Copy out, exactly, the first line of the entries below and every line after it through the one containing "Fresh Masked Anime".

[Raw data Boundary: Start]

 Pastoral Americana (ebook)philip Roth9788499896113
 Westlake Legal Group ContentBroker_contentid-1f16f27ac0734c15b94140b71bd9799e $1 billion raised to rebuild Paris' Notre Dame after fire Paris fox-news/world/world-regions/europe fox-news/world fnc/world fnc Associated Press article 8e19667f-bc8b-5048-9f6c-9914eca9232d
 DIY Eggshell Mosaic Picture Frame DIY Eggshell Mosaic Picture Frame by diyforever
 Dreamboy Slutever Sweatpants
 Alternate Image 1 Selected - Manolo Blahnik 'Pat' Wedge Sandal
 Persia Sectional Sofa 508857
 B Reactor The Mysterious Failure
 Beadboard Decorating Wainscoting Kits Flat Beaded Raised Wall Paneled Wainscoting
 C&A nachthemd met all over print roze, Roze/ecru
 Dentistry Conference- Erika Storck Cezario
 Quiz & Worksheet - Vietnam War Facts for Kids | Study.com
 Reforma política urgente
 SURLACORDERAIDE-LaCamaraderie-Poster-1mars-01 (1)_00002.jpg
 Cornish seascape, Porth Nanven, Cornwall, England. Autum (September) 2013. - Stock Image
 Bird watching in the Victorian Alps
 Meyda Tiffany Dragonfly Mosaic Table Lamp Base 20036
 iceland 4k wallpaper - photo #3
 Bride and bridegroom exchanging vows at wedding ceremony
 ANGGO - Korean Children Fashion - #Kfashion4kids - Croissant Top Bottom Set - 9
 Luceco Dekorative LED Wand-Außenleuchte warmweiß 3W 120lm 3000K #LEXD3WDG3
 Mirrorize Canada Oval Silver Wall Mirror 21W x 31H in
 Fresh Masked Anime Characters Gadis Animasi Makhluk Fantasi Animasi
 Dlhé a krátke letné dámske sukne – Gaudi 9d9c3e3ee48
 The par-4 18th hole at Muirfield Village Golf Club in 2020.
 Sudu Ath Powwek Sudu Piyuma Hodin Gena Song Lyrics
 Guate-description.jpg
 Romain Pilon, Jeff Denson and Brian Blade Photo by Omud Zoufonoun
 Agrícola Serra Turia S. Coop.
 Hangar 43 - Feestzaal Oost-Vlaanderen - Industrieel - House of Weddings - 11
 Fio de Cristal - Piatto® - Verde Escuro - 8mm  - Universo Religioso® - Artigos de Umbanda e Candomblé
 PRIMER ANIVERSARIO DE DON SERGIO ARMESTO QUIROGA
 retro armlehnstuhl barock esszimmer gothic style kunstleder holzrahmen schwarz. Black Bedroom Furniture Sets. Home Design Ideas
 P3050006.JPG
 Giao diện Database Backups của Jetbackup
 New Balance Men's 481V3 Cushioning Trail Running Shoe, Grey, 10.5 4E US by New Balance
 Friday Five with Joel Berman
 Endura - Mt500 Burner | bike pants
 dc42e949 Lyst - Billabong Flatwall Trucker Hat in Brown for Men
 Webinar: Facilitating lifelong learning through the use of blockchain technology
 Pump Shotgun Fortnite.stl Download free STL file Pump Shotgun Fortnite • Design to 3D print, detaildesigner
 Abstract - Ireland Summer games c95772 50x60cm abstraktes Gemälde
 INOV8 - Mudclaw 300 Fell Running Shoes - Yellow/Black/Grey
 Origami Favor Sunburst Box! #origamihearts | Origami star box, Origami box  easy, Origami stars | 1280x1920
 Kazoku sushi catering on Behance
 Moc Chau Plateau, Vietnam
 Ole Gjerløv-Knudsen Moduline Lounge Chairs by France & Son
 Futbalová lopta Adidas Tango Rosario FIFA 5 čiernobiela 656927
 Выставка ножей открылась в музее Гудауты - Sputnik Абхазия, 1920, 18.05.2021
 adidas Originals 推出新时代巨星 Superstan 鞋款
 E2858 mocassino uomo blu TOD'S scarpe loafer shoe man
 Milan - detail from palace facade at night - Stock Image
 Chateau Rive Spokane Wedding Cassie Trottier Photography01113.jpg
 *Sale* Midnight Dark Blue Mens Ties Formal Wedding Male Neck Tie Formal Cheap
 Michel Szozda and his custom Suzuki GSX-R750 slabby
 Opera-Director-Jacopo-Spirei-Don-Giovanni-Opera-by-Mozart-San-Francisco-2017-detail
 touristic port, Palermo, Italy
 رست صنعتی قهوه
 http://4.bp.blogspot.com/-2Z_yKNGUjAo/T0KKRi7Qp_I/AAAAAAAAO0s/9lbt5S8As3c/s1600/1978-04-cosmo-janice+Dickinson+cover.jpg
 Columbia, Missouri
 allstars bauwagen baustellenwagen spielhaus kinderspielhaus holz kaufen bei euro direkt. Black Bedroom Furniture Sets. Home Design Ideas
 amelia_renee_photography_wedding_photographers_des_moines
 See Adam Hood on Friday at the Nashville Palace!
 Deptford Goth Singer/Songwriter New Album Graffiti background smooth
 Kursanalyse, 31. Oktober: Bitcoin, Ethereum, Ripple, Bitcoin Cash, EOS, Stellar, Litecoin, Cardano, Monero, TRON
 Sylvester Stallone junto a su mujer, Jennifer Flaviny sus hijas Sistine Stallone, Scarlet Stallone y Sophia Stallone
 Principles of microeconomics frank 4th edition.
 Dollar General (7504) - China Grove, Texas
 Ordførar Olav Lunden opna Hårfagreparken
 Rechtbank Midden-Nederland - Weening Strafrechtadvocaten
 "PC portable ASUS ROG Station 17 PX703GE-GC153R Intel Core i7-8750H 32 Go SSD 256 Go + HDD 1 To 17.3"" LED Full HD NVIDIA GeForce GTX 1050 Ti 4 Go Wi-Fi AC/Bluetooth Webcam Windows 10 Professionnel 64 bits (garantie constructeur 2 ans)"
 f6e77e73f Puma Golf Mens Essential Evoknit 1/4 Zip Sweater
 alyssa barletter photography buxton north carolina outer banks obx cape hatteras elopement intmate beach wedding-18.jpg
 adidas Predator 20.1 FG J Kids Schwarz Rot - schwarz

[Raw data Boundary: End]

Written answer:
 Pastoral Americana (ebook)philip Roth9788499896113
 Westlake Legal Group ContentBroker_contentid-1f16f27ac0734c15b94140b71bd9799e $1 billion raised to rebuild Paris' Notre Dame after fire Paris fox-news/world/world-regions/europe fox-news/world fnc/world fnc Associated Press article 8e19667f-bc8b-5048-9f6c-9914eca9232d
 DIY Eggshell Mosaic Picture Frame DIY Eggshell Mosaic Picture Frame by diyforever
 Dreamboy Slutever Sweatpants
 Alternate Image 1 Selected - Manolo Blahnik 'Pat' Wedge Sandal
 Persia Sectional Sofa 508857
 B Reactor The Mysterious Failure
 Beadboard Decorating Wainscoting Kits Flat Beaded Raised Wall Paneled Wainscoting
 C&A nachthemd met all over print roze, Roze/ecru
 Dentistry Conference- Erika Storck Cezario
 Quiz & Worksheet - Vietnam War Facts for Kids | Study.com
 Reforma política urgente
 SURLACORDERAIDE-LaCamaraderie-Poster-1mars-01 (1)_00002.jpg
 Cornish seascape, Porth Nanven, Cornwall, England. Autum (September) 2013. - Stock Image
 Bird watching in the Victorian Alps
 Meyda Tiffany Dragonfly Mosaic Table Lamp Base 20036
 iceland 4k wallpaper - photo #3
 Bride and bridegroom exchanging vows at wedding ceremony
 ANGGO - Korean Children Fashion - #Kfashion4kids - Croissant Top Bottom Set - 9
 Luceco Dekorative LED Wand-Außenleuchte warmweiß 3W 120lm 3000K #LEXD3WDG3
 Mirrorize Canada Oval Silver Wall Mirror 21W x 31H in
 Fresh Masked Anime Characters Gadis Animasi Makhluk Fantasi Animasi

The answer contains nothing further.